Taking a double pendulum for example, I can select the two angles as the generalized coordinates, and suppose I have an external torque $\tau_2$ applied at $\theta_2$. Then, the equations of motion can be written as

$$ \frac d{dt}\left(\frac{\partial L}{\partial \dot q}\right) - \frac{\partial L}{\partial q} = Q$$

where $Q=\begin{bmatrix} 0 \\ \tau_2\end{bmatrix}$

However, what if I chose the generalized coordinates to be

$$\vec{q}=\begin{bmatrix} \theta_1 \\ \theta_1+\theta_2\end{bmatrix}$$

Would the generalized external force now be

$$Q=\begin{bmatrix} -\tau_2 \\ \tau_2\end{bmatrix}$$

This seems strange to me because now it says that $-\tau_2$ is being applied to the first coordinate $\theta_1$ even though the external torque is only on $\theta_2$.

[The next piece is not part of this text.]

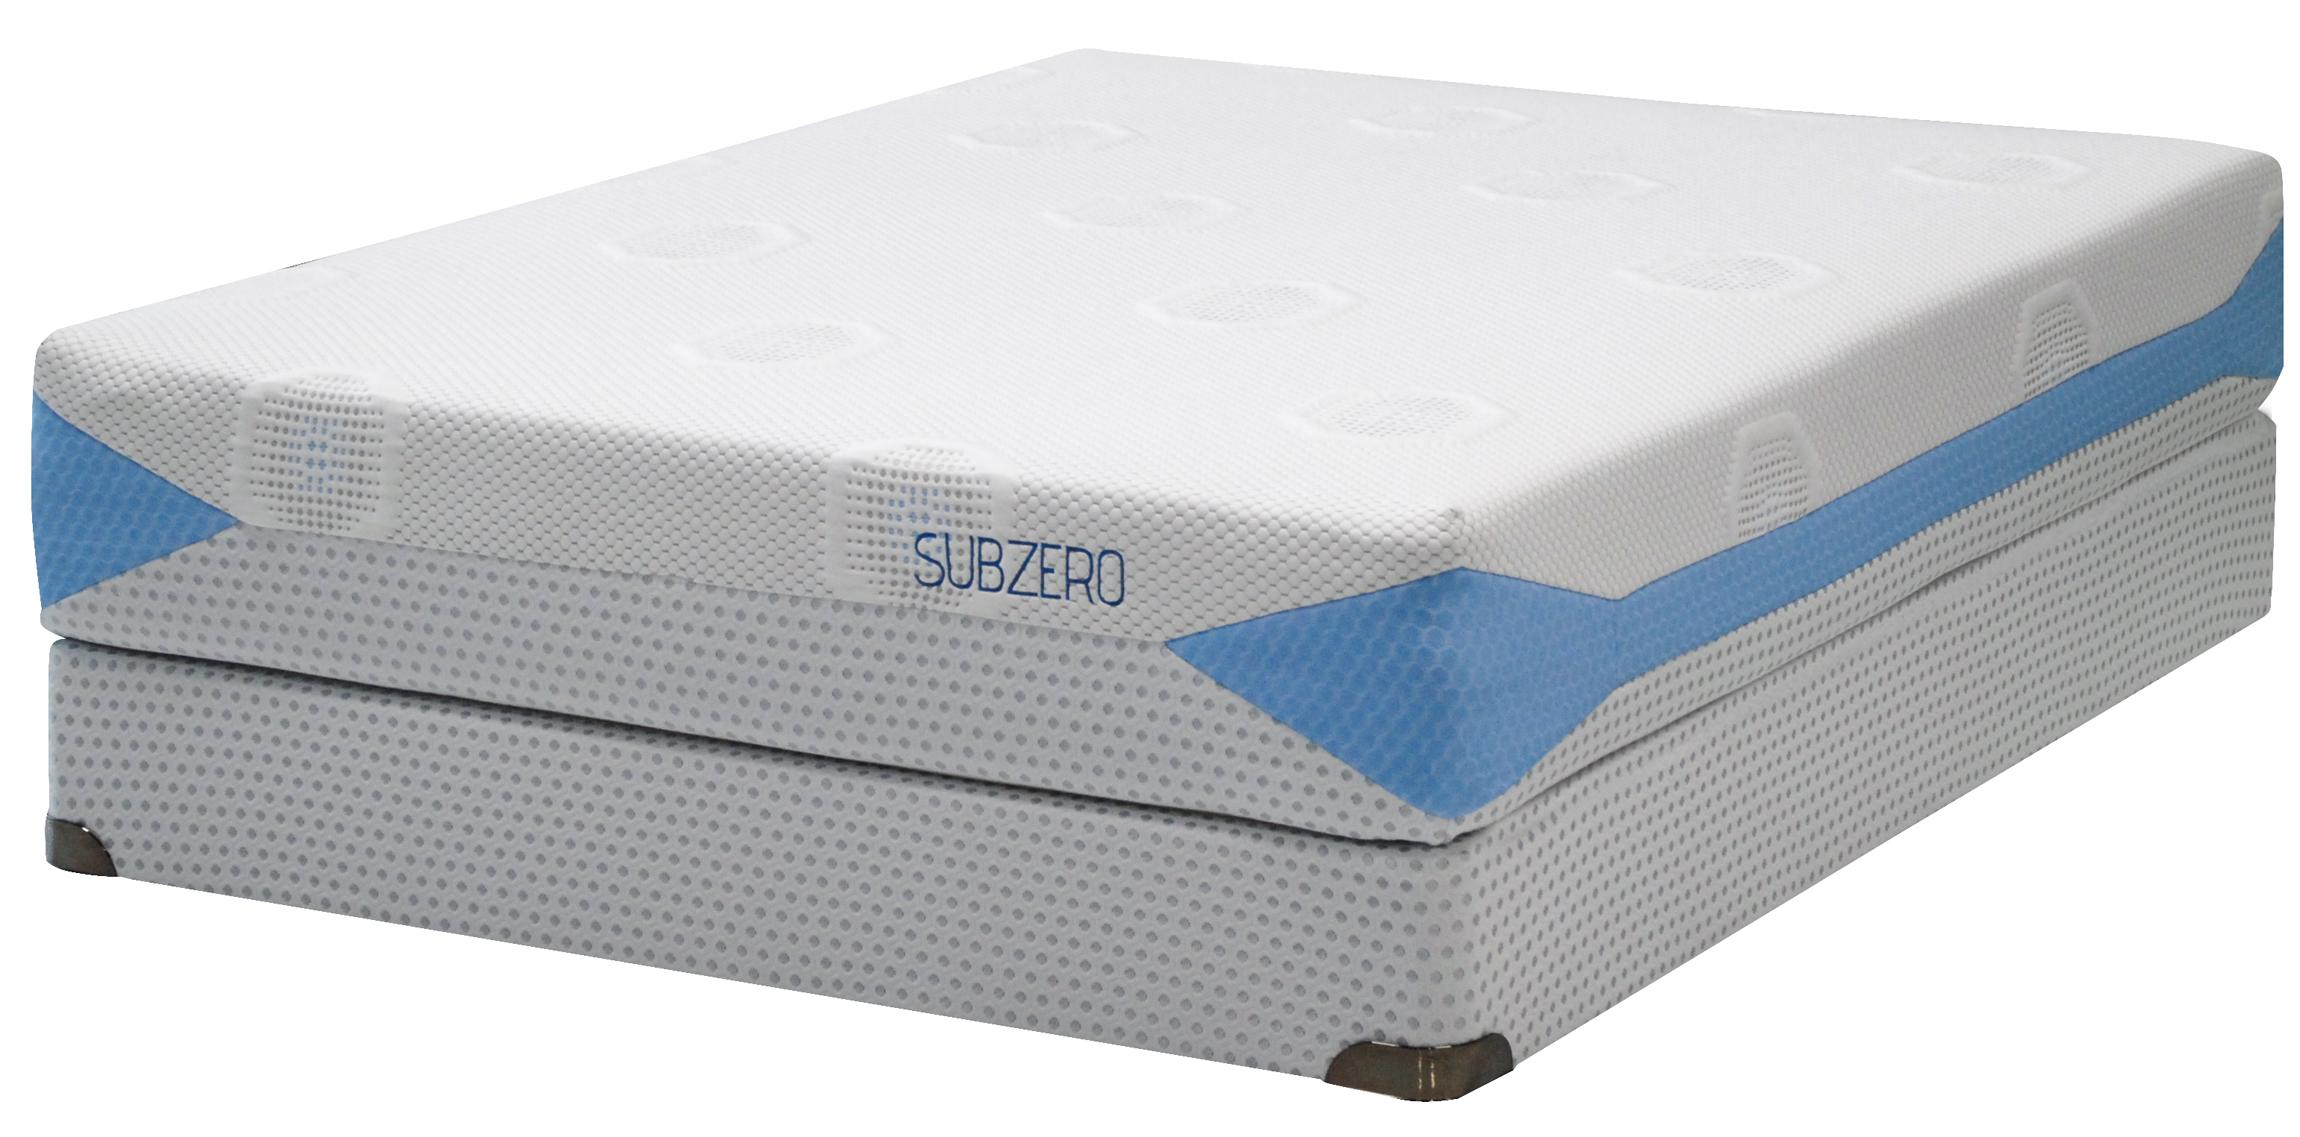 Kingsdown Blu-Tek Subzero Queen Memory Foam Mattress Set - Item Number: 2893Q+2880Q
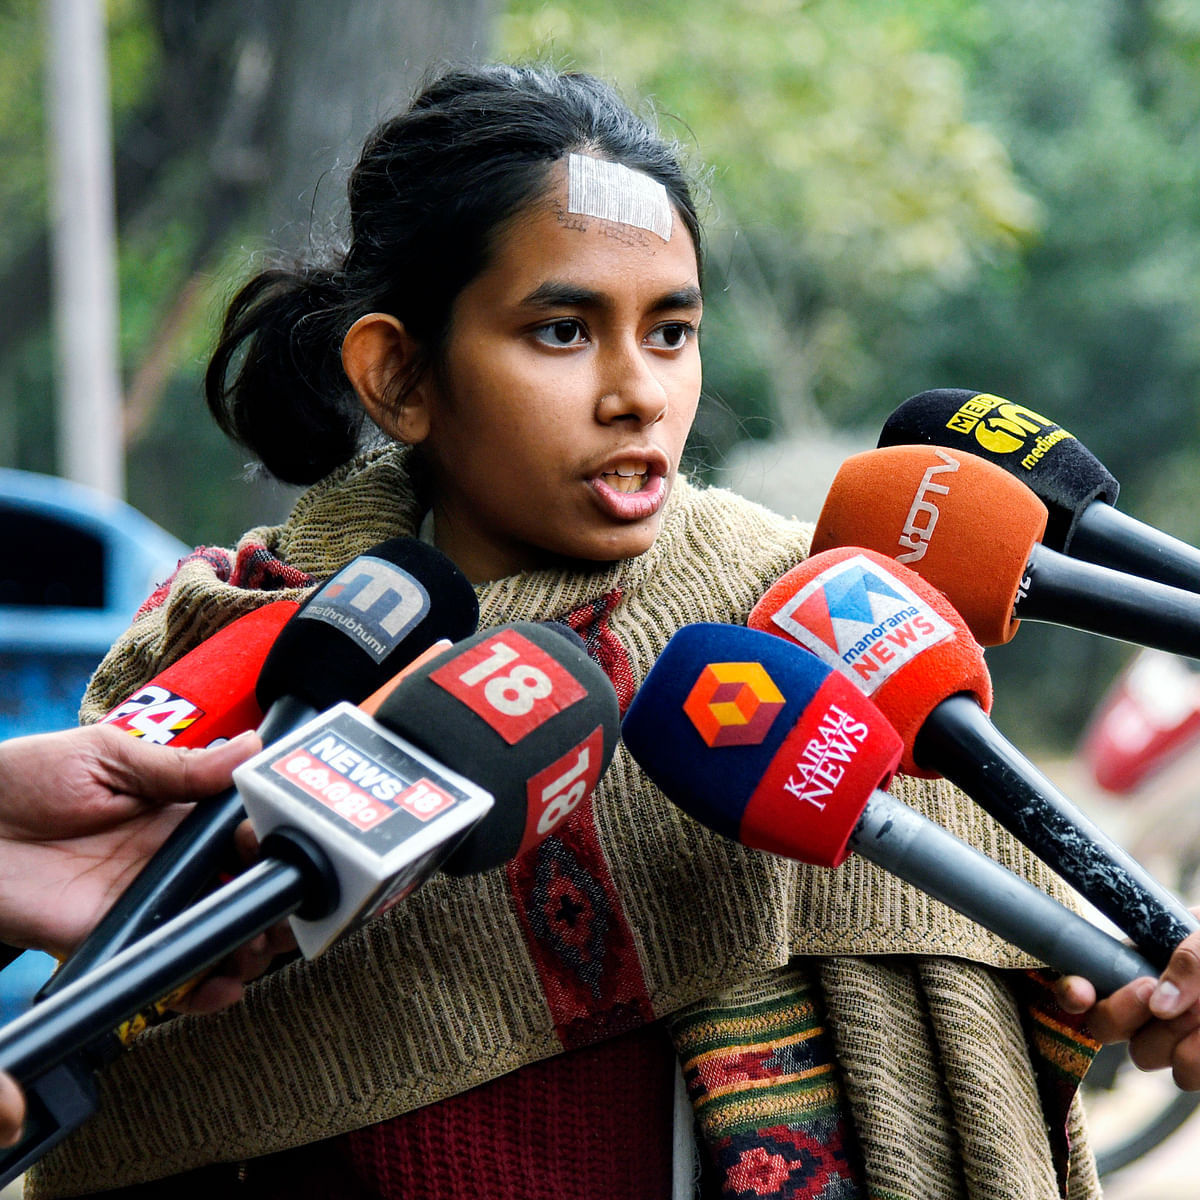 JNU violence: Delhi Police questions JNUSU president Aishe Ghosh, 2 others

I've calculated $Q$ as $\frac{\partial W}{\partial q}$ based on what I read from Modeling external forces in Lagrangian dynamics, but I've also seen $Q_i =\sum _{n=1} ^{3N} \mathbf f ^{(n)} \cdot \frac{\partial \mathbf x ^{(n)}}{\partial q^i}$ from Euler-Lagrange equations with non-conservative force (example). Am I simply seeing a different EoM because of a coordinate transform or have I made a mistake somewhere along the way?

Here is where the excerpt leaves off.